What I know is that $S^2$ can be given a CW complex structure where the $0$-th skeleton is just a point, $1$-th skeleton is same as that of the $0$-th skeleton and the $2$-th skeleton is obtained from the $1$-th skeleton by attaching a single $2$-cell via the attaching map where we identify the boundary of the $2$-cell to a single point of the $1$-th skeleton. Thus the $2$-th skeleton is a sphere.
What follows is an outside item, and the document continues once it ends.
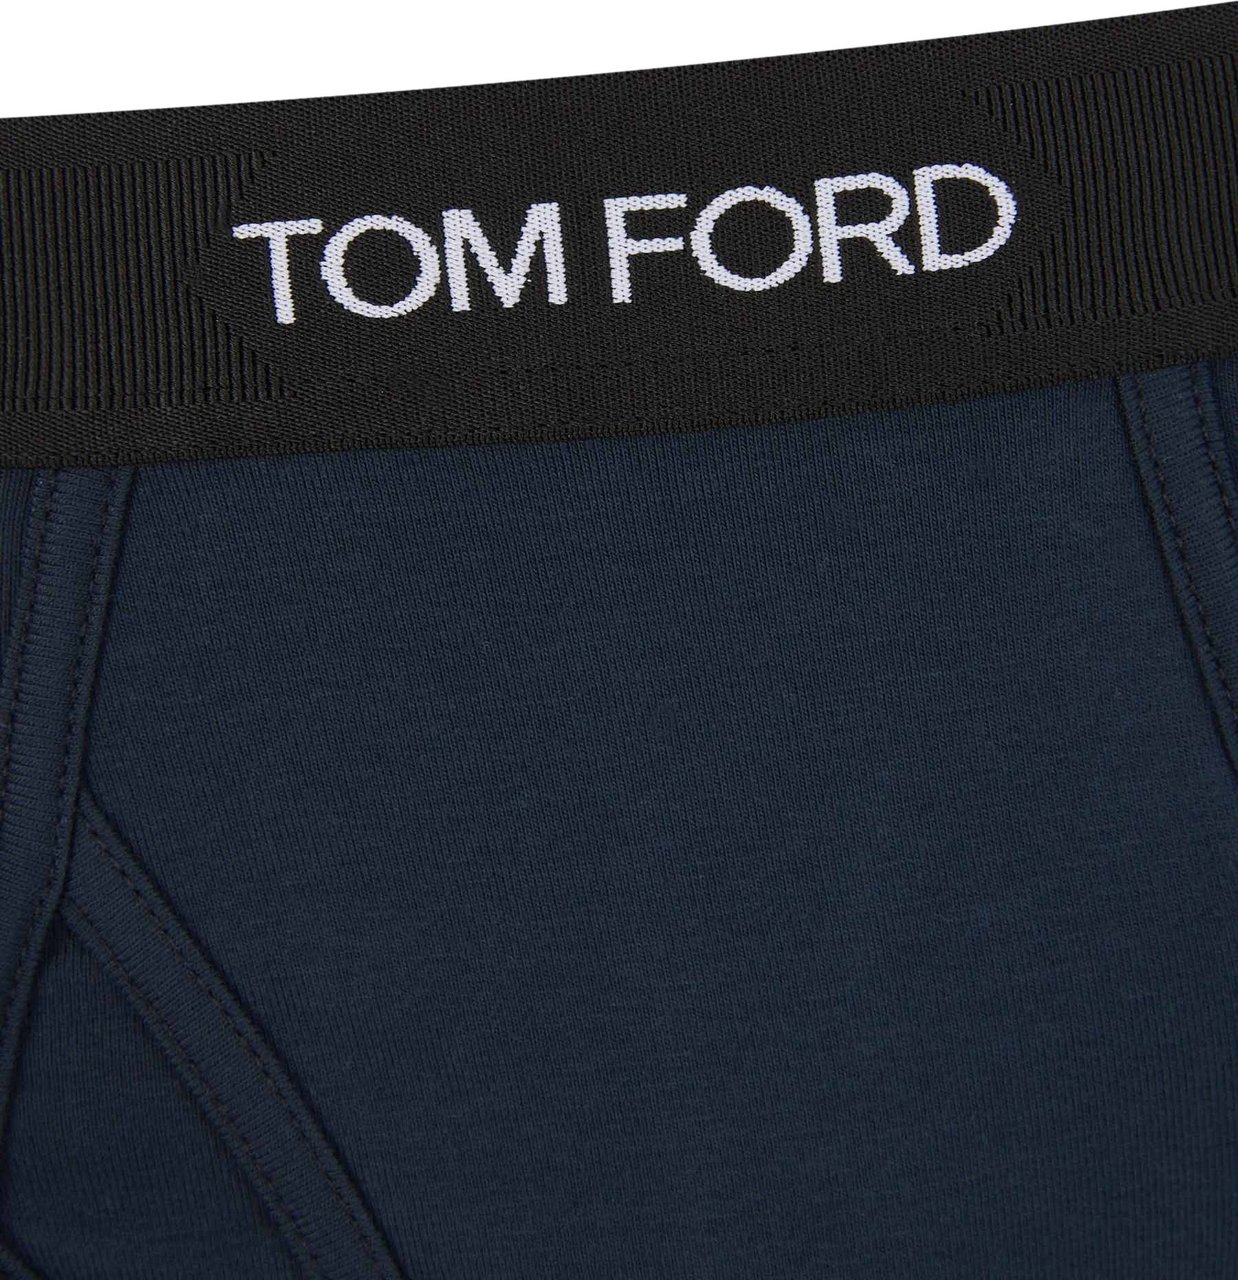 Tom Ford Logo Cotton Boxer Blauw

Then $S^2 \times S^2$ can be given a CW-complex structure where the $n$-th skeleton of $S^2 × S^2$ is obtained by taking the union of the cartesian product of the $p$-th skeleton of $S^2$ with the $q$-th skeleton of $S^2$ over all possible non-negative integers $p$ and $q$ with $p + q = n.$ If we denote the $n$-th skeleton of $S^2 \times S^2$ by $(S^2 \times S^2)^n$ then we find that
$$\begin{align*} (S^2 \times S^2)^0 & = * \times * \\ (S^2 \times S^2)^1 & = * \times * \\ (S^2 \times S^2)^2 & = (S^2 \times *) \cup (* \times S^2) \cup (* \times *) \\ & = (S^2 \times *) \cup (* \times S^2) \\ (S^2 \times S^2)^3 & = (S^2 \times *) \cup (* \times S^2) \\ (S^2 \times S^2)^4 & = S^2 \times S^2 \end{align*}$$
Here our professor claimed that $(S^2 \times S^2)^3 = (S^2 \times S^2)^2 = S^2 \vee S^2$ and thus $S^2 \times S^2$ can be obtained by attaching a $4$-cell to $S^2 \vee S^2.$ But I can't see why? Could anybody please help me in this regard?
Thanks in advance.
Best Answer
If we have $CW$-complexes $X, Y$, then $X \times Y$ also has the structure of a $CW$-complex with $$(X \times Y)^0 = X^0 \times Y^0 \\ (X \times Y)^1 = X^0 \times Y^1 \cup X^1 \times Y^0 \\ (X \times Y)^n = \bigcup_{i=0}^n X^i \times Y^{n-i}$$ $X^{i+1}$ is obtained from $X^i$ by attaching $(i+1)$-cells $D^{i+1}_\alpha$, $\alpha \in A_i$, via maps $\phi_\alpha : \partial D^{i+1}_\alpha \to X^i$, similarly $Y^{j+1}$ is obtained from $Y^j$ by attaching $(j+1)$-cells $D^{j+1}_\beta$, $\beta \in B_j$, via maps $\psi_\beta : \partial D^{j+1}_\beta \to Y^j$. Let the associated characteristic maps be $\bar \phi_\alpha : D^{i+1}_\alpha \to X^{i+1}$ and $\bar \psi_\beta : D^{j+1}_\beta \to Y^{j+1}$.
Then $(X \times Y)^{n+1}$ is obtained from $(X \times Y)^n$ by attaching $(n+1)$-cells $D^{n+1}_{\alpha,\beta} = D^i_\alpha \times D^{n+1-i}_\beta$, $\alpha \in A_i, \beta \in B_{n+1-i}$, $i = 0,\ldots, n+1$. These have characteristic maps $$\bar \chi_{\alpha,\beta} = \bar \phi_\alpha \times \bar \psi_\beta : D^i_\alpha \times D^{n+1-i}_\beta \to X^{i} \times Y^{n+1-i} \subset (X \times Y)^{n+1} .$$ The attaching maps are therefore given by $$\chi_{\alpha,\beta} = \bar \chi_{\alpha,\beta} \mid_{\partial( D^i_\alpha \times D^{n+1-i}_\beta)} : \partial(D^i_\alpha \times D^{n+1-i}_\beta) = \partial (D^i_\alpha) \times D^{n+1-i}_\beta \cup D^i_\alpha \times \partial( D^{n+1-i}_\beta) \to \\ X^{i-1} \times Y^{n+1-i} \cup X^i \times Y^{n-i} \subset (X \times Y)^n .$$ On $\partial (D^i_\alpha) \times D^{n+1-i}_\beta$ the map $\chi_{\alpha,\beta}$ is given by $\phi_\alpha \times \bar \psi_\beta$ and on $D^i_\alpha \times \partial( D^{n+1-i}_\beta)$ by $\bar \phi_\alpha \times \psi_\beta$.
$S^2$ has one $0$-cell and one $2$-cell, hence we have $(S^2)^0 = (S^2)^1 = *, (S^2)^2 = S^2$. Thus $S^2 \times S^2$ has one $0$-cell, two $2$-cells and one $4$-cell. More precisely $$(S^2 \times S^2)^0 = (S^2 \times S^2)^1 = * \times * \\ (S^2 \times S^2)^2 = (S^2 \times S^2)^3 = S^2 \times * \cup * \times S^2 \\ (S^2 \times S^2)^4 = S^2 \times S^2$$ The characteristic maps are given as above.